Although providers see mHealth\'s promise to increase productivity in the healthcare system, they still exhibit reservations in moving quickly to adopt this new technology for several good reasons. Providers are looking for guidance in identifying, creating and adopting best practices in care delivery and are waiting to manage the broad array of challenges that this disruptive innovation creates.

Mobile health or mHealth has the potential to change the practice of medicine by increasing access and improving quality of care while decreasing costs. Yet lack of regulatory standards is limiting the rate and breadth of worldwide adoption. According to Emerging mHealth: Paths for growth, an mHealth study conducted by the Economist Intelligence Unit (EIU) and commissioned by PricewatehouseCoopers (PwC), 47 per cent of providers surveyed indicated that mHealth applications will not work with their organisation's IT, while 45 per cent of payers and providers said the lack of regulatory standards is stifling adoption.
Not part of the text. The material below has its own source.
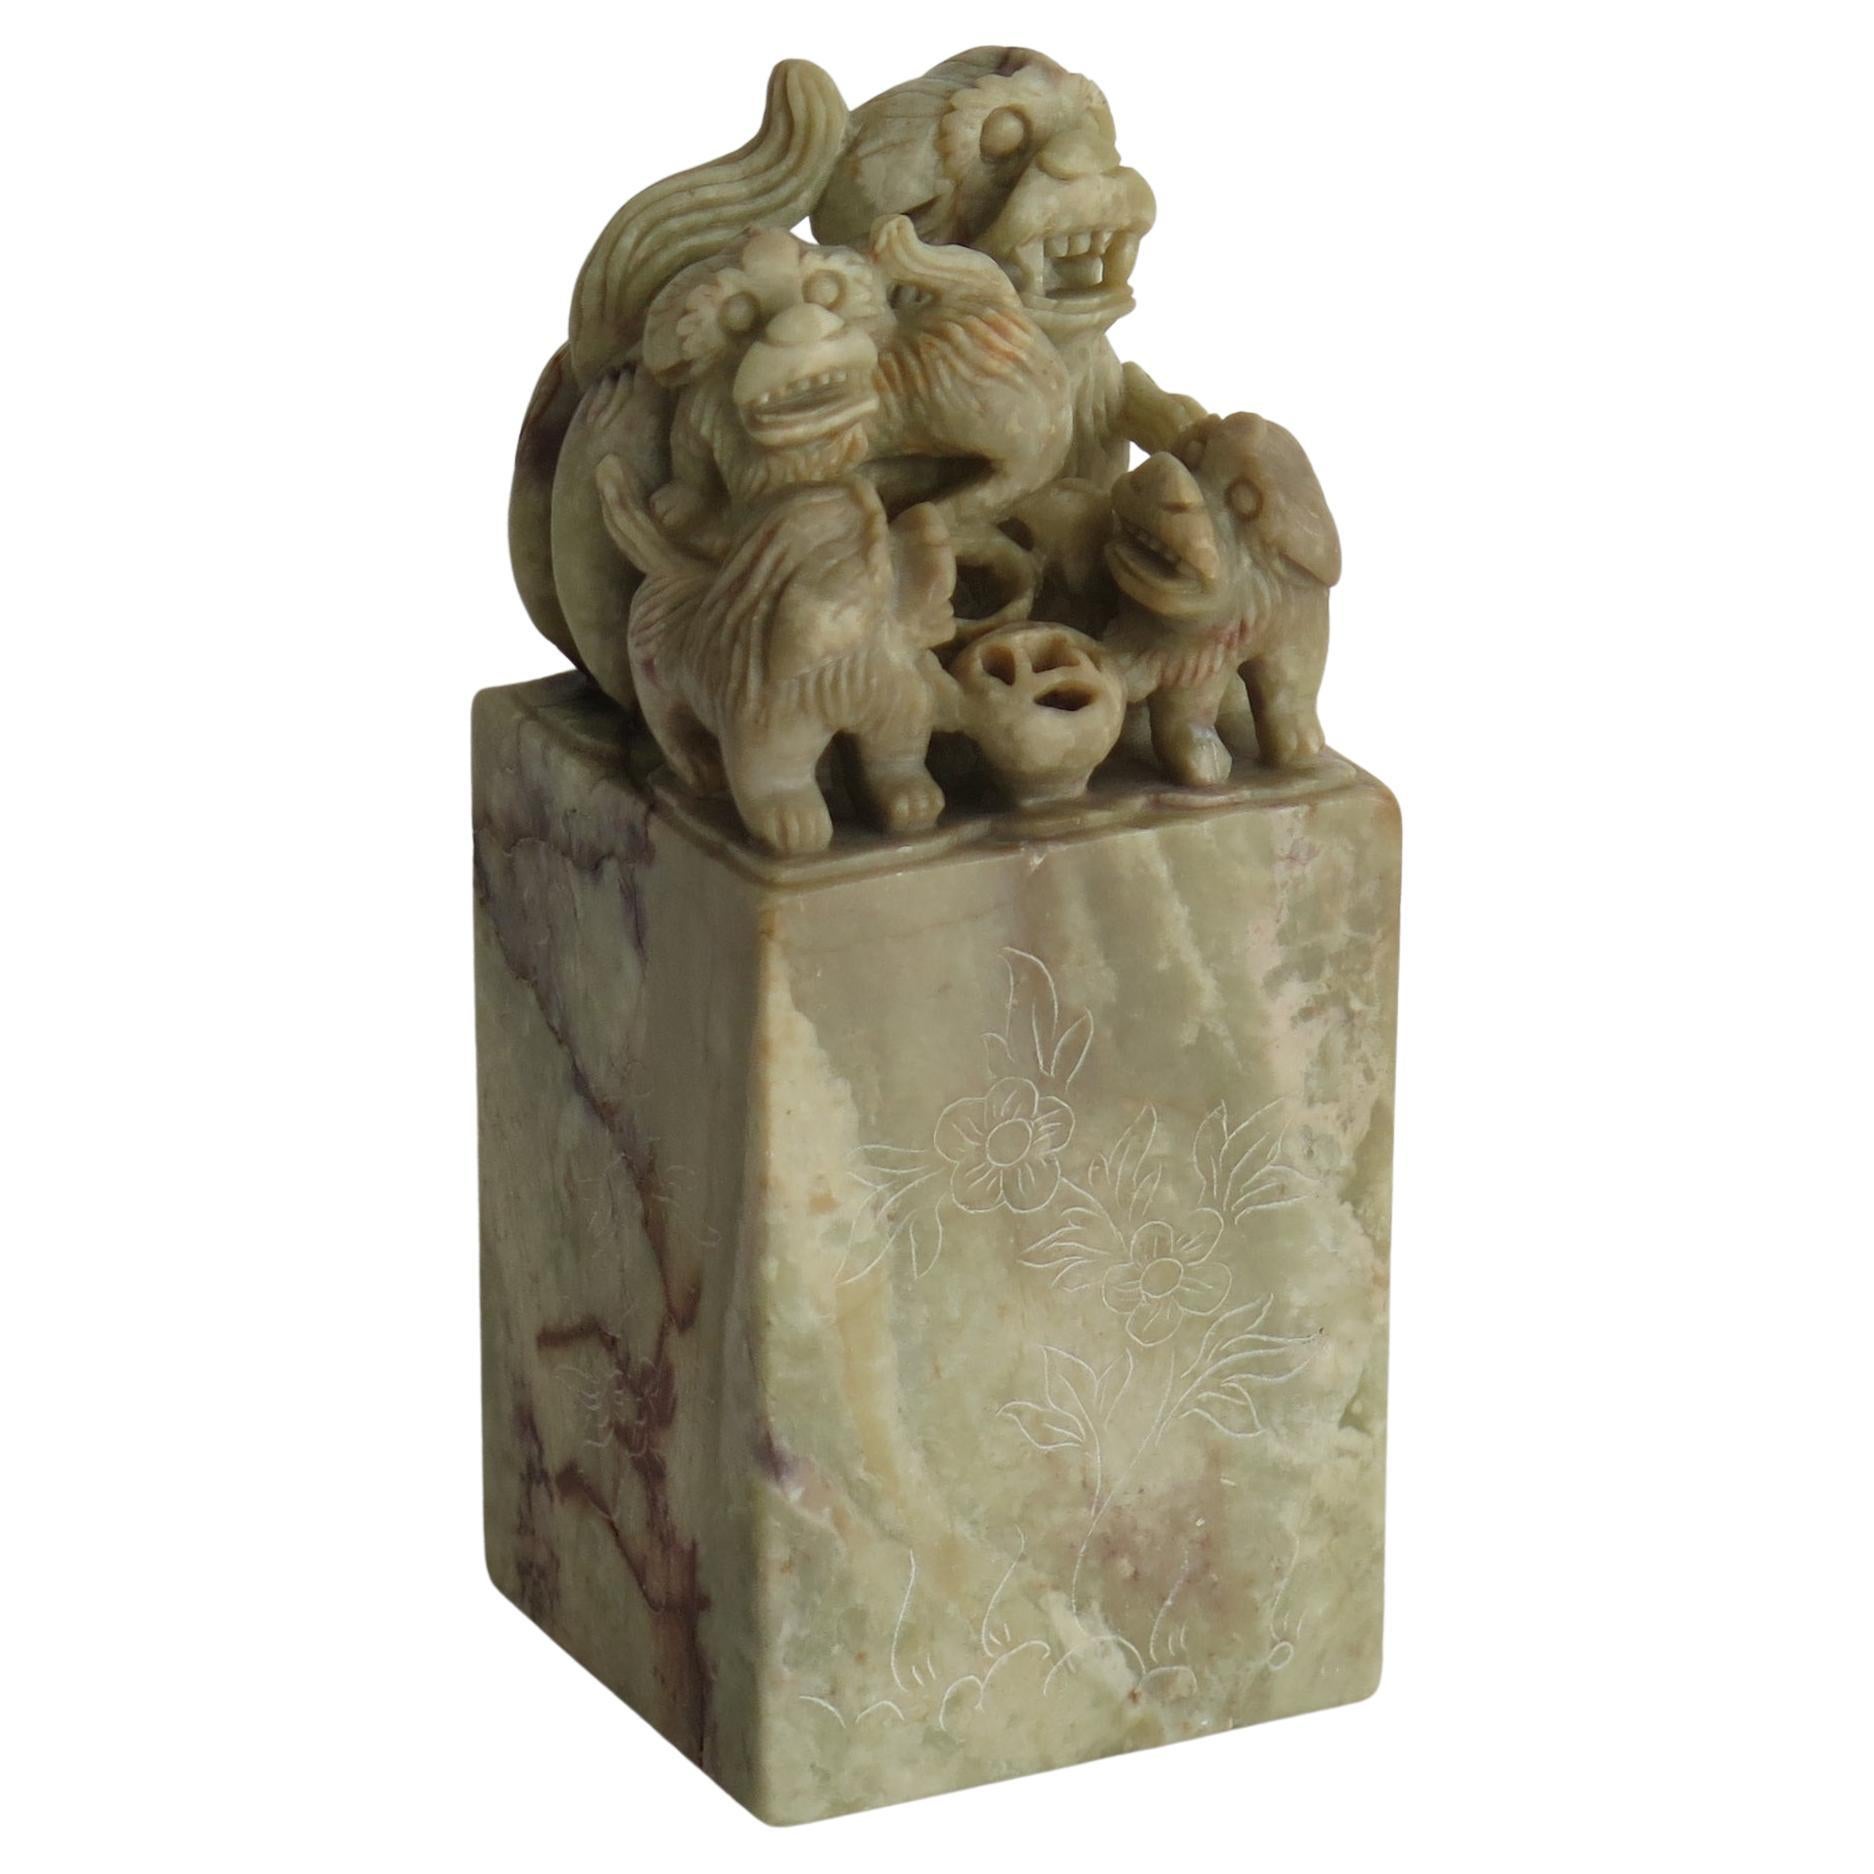 How To Date Chinese Soapstone Carvings

Based on these and similar findings, it would appear that standards in Information Technology (IT), care delivery, payment and regulation must evolve more rapidly for mHealth to realise its full potential as one of the most transformational movements in healthcare today.

In this article, PwC will provide additional insights about the mHealth marketplace and identify the standards required in six key areas that will enable the mHealth market to continue its upward trajectory of growth and success.

Our productivity problem

Healthcare systems, regardless of their level of economic, technical and clinical development face a common problem: they lack the necessary resources to deliver the same standard of care to those that require it in the future. Almost all regions globally face the following five constraints:

Patient population growth is outpacing economic growth

In developed countries, a rapidly ageing population is prompting the need for more healthcare services since 75 per cent of all healthcare costs occur in the last five years of life. In rapidly growing economies the problem is centred on the rise of chronic disease—often referred to as diseases of affluence—as standards of living for the population improve.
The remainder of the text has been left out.